The couple from West Virginia had been there three times. Todd, who was a bit skeptical about getting up at six and taking the train across Brooklyn to look for this bird, settled into the regard that one has for the impressively mad when they told us how, three times, they’d driven through the night to be here at Coney Island Creek at dawn, standing on a narrow spit of land that terminated in the skeleton of a wooden barge and scanning the water for the heron. They hadn’t seen it yet.

At least if we did see it it would be easy to recognize. The Western Reef-Heron, a native of western Africa, the Middle East and southern Asia, follows the trends that make most of the heron/egret clan iconic. It has a distinctive long-legged, long-necked, long-beaked profile, and it stands around in open water poking at fish and letting humans get long looks. The combo of blue-gray color scheme, white throat patch, and bright yellow feet easily separated it from the impressive roster of other herons that frequent the creek – Great and Snowy Egrets are pure white, the Little Blue Heron’s feet and throat are dark, the Green Heron is tiny and greenish and rust, and the Black-crowned and Yellow-crowned Night Herons are small sullen birds that have a perpetually hunched posture and a scowl, probably because they’ve been relegated to a semi-nocturnal lifestyle by their larger and more aggressive cousins. We birdwatchers were lucky in this regard. The Western Reef-Heron also comes in a white color morph that, if seen, could easily be taken by a careless birder for an egret and overlooked.

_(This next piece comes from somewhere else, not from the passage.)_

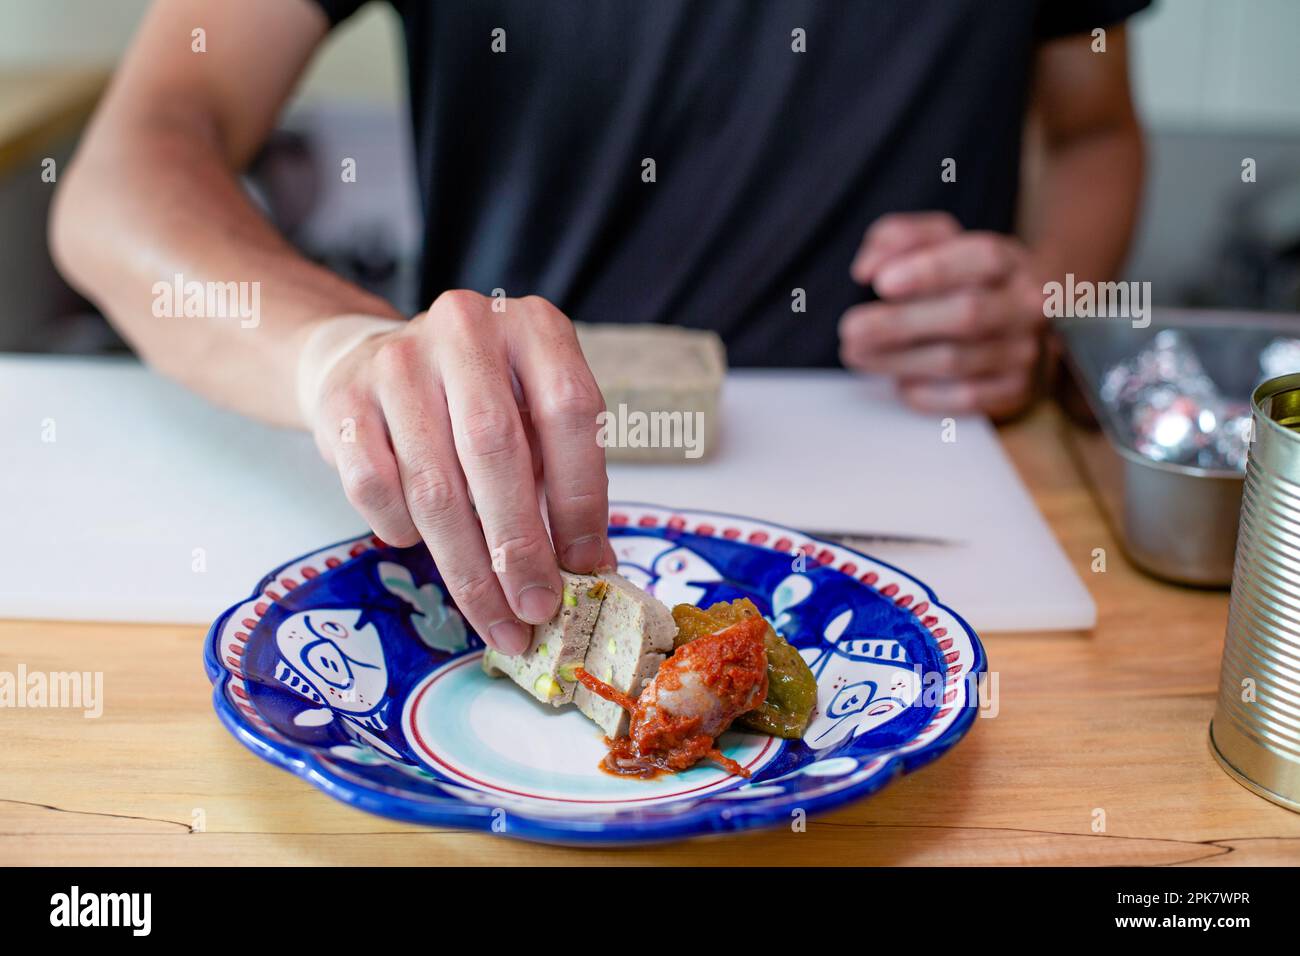 Ein Mann, der in einem Restaurant Essen zubereitet, Gemüse und Pastete auf einen Teller stellt. Schließen. Stockfoto
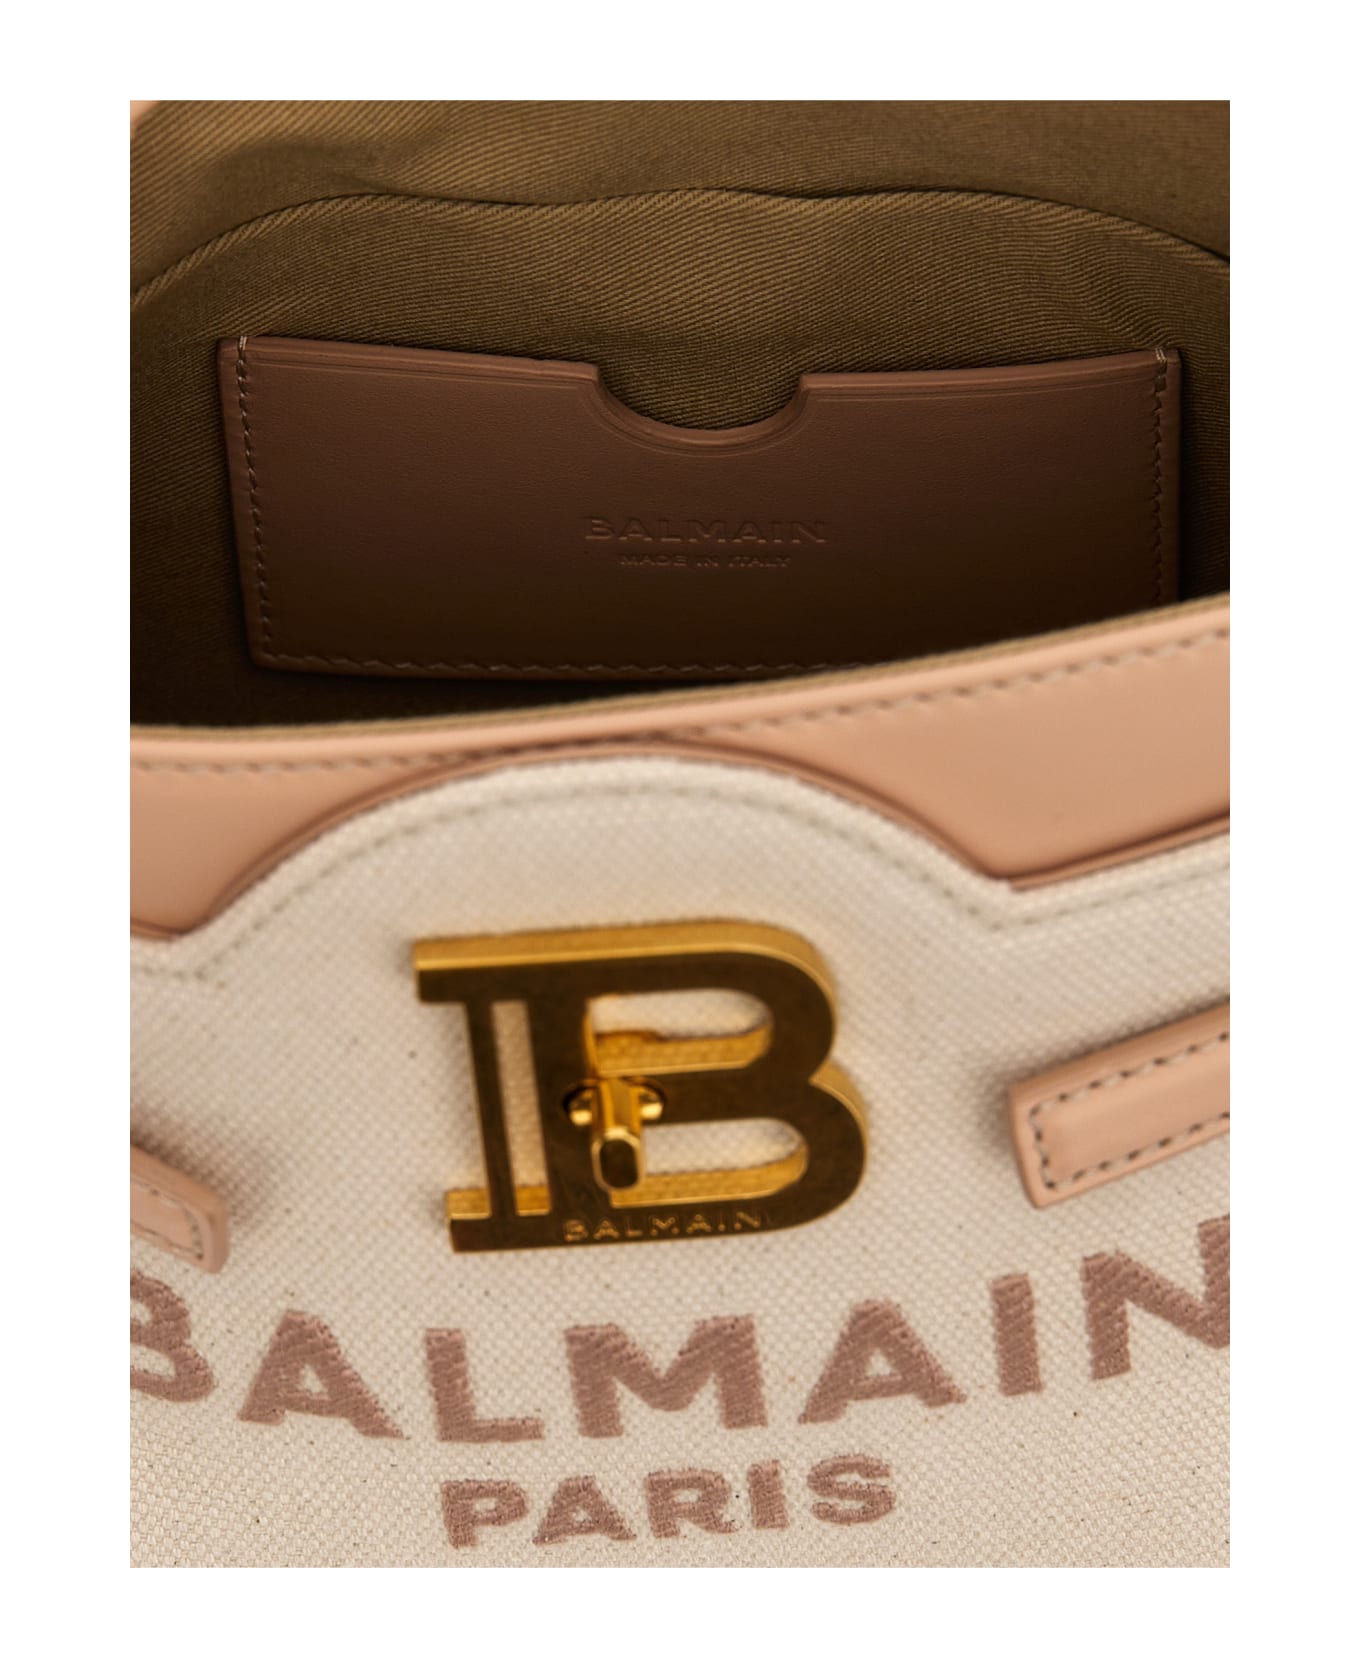 Balmain B-buzz 22 Handbag - Creme/Nude

We were lucky too that it had been spotted at all. Drier-Offerman/Calvert Vaux Park is not a heavily birded area. The Western Reef-Heron has only been seen six times on the North American continent. Speculation persists, though, that the Brooklyn bird is the same individual as the heron seen in New Hampshire and Maine and Nova Scotia and Newfoundland. Obviously it didn’t teleport from point to point. It just wasn’t seen until it was seen by somebody who knew what they were looking at.

Once that somebody saw it, of course, trekking to this unlikely park commenced; hence the West Virginians. Todd and I came through the back of a Home Depot parking lot, past a bunch of locked gates with helpful signs saying that the park was open from sunrise to sunset (at least they didn’t twinkle in the sun; that would have been just insulting.) Once we finally found an open gate, we were able to make our way to the water’s edge. Half-burned pilings stuck out of the water in a way that was weirdly reminiscent of the drowned trees at Montezuma; here and there someone had found it more economical to abandon a rotting barge than haul it out. Small trees grew out of the barges, and rats got back in touch with nature among them.

I spotted something just edging out of the water, moving in-shore; for some reason my mind flashed on sting rays, although I felt no real alarm. A closer look proved that it was a horseshoe crab. People always describe these as the size of a dinner plate, but this one was only about the size of a salad plate. It was, however, alive and trundling along in the water rather than dead and upside-down on the beach, and in this regard it was remarkably different than every other horseshoe crab that I had ever seen. I watched in fascination for a few seconds before moving on.

Todd and I made our way down the path to an openish area; no luck, though we did spot a lovely, if out-of-the-way, community garden with waist-high corn and squash plants that looked like they might go out for the football team. Then we looped up and around the ball fields, along the spur of creek where our target was most often seen. Not much luck there either, except for a number of Black-crowned Night Herons and the shadow of what looked like an abandoned car – I didn’t investigate too closely. Then we spotted the other couple out on the spit by the sunken barge, and doubled back to see if they were having any luck.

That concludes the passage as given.